With respect to specialty categories, ID and PHONEFAX were treated individually for Amazon Comprehend and CliniDeID. The DATE category is annotated by CliniDeID and NLM Scrubber but not by Amazon Comprehend1. Specifically, calendar dates like “June "9th” are tagged as PII but not times, seasons, etc. The EADDRESS category includes electronic addresses like email addresses and URLs, which Amazon Comprehend and CliniDeID tag but not NLM Scrubber. The PROFESSION category includes job titles and is tagged by Amazon Comprehend and CliniDeID but not by NLM Scrubber. Further, each system was also evaluated against their own individual maximum possible set of categories out of all the above mentioned types.

While we report individual category accuracy metrics, we also evaluated each system as if all annotations belonged to a single supertype of PII. This analysis is separate from micro- and macro-averaging individual category results. Finding PII in a note but tagging it as the wrong category will lower the micro- and macro-average scores but will still count as a true positive instance of the PII supertype.

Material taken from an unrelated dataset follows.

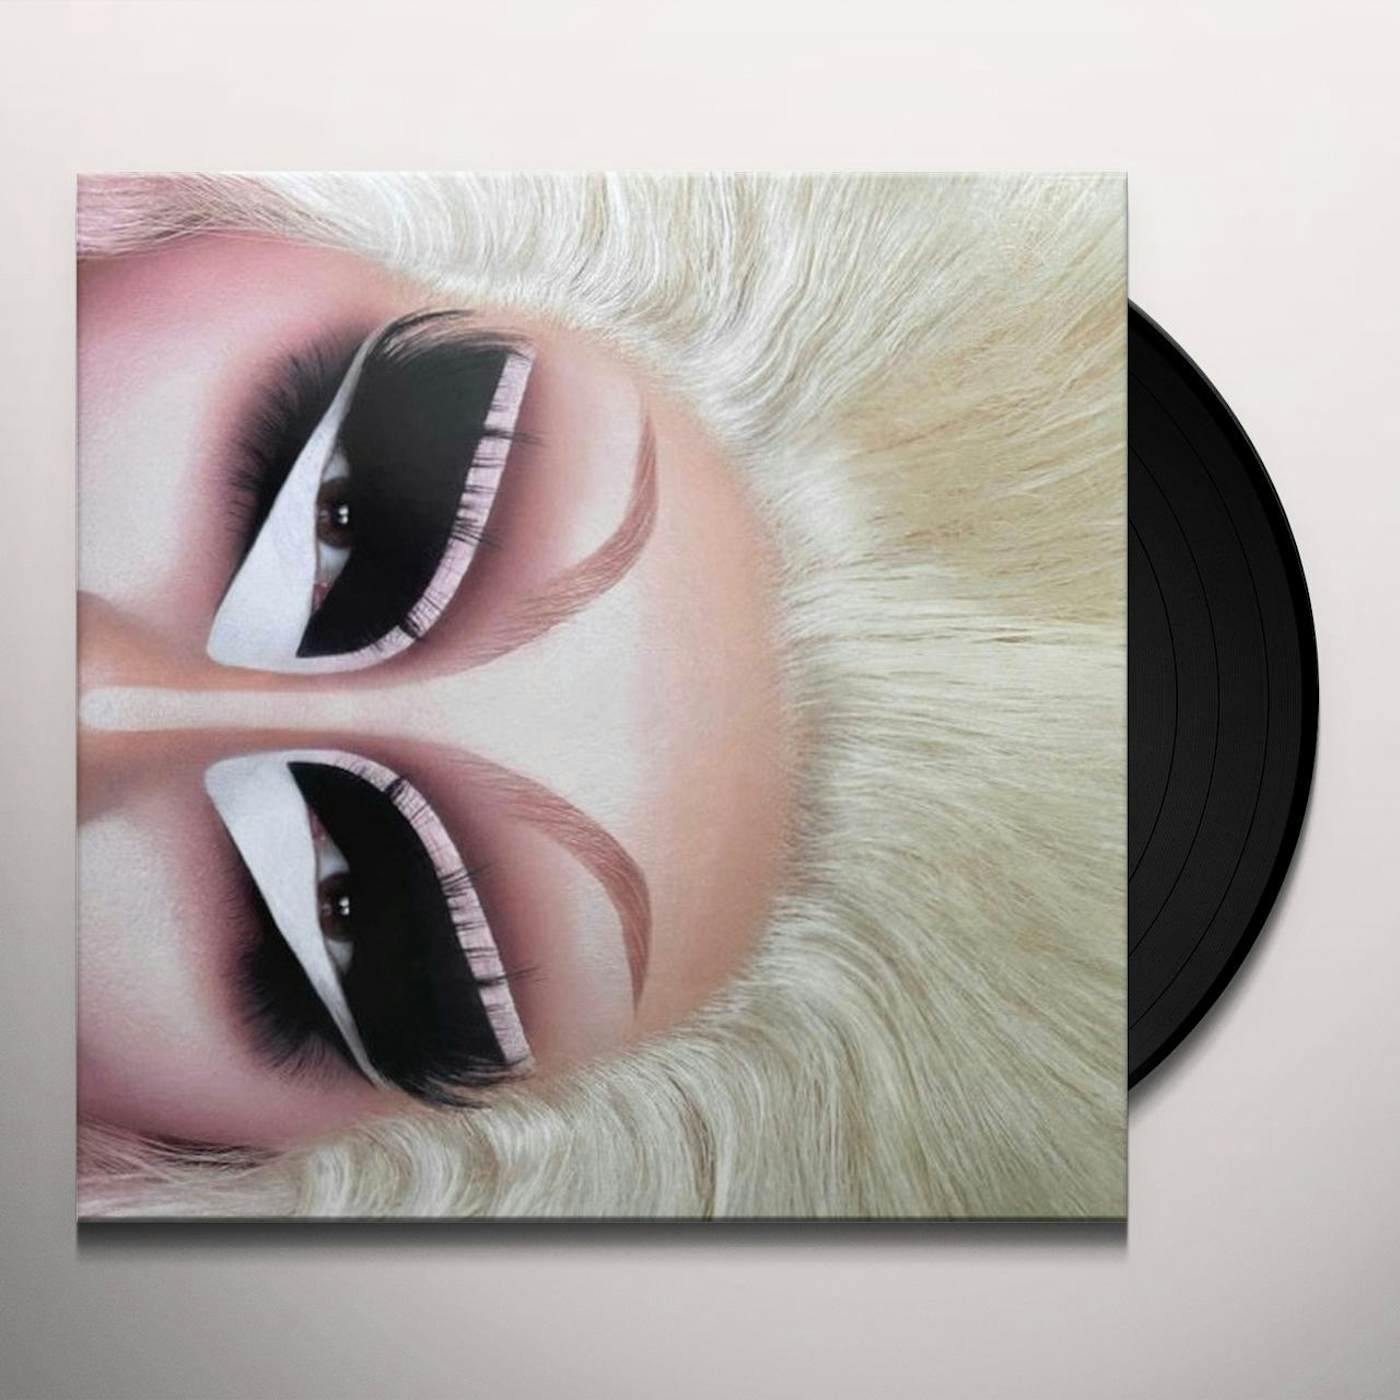 Trixie Mattel Blonde & Pink Albums Vinyl Record

All evaluations were done with respect to two publicly available corpora: the 2014 and 2016 i2b2 de-identification challenge corpora8,9. These corpora include more annotated PII categories than the shared and specialty categories, such as health care units and organization names (both interpreted as geographic subdivisions). The 2014 corpus is split into 790 training notes and 514 test notes. The 2016 corpus is split into 200 development notes, 600 training notes, and 400 test notes. A note in the 2016 corpus is longer than one in the 2014 corpus with an average of 1,863 words per note versus 617 words per note, respectively. For consistency purposes, all corpora were processed as plain text files with one note per file. Timing results are aggregated across the training and testing documents. Performance scores are reported for both the training and testing splits. All de-identification systems were tested out-of-the-box.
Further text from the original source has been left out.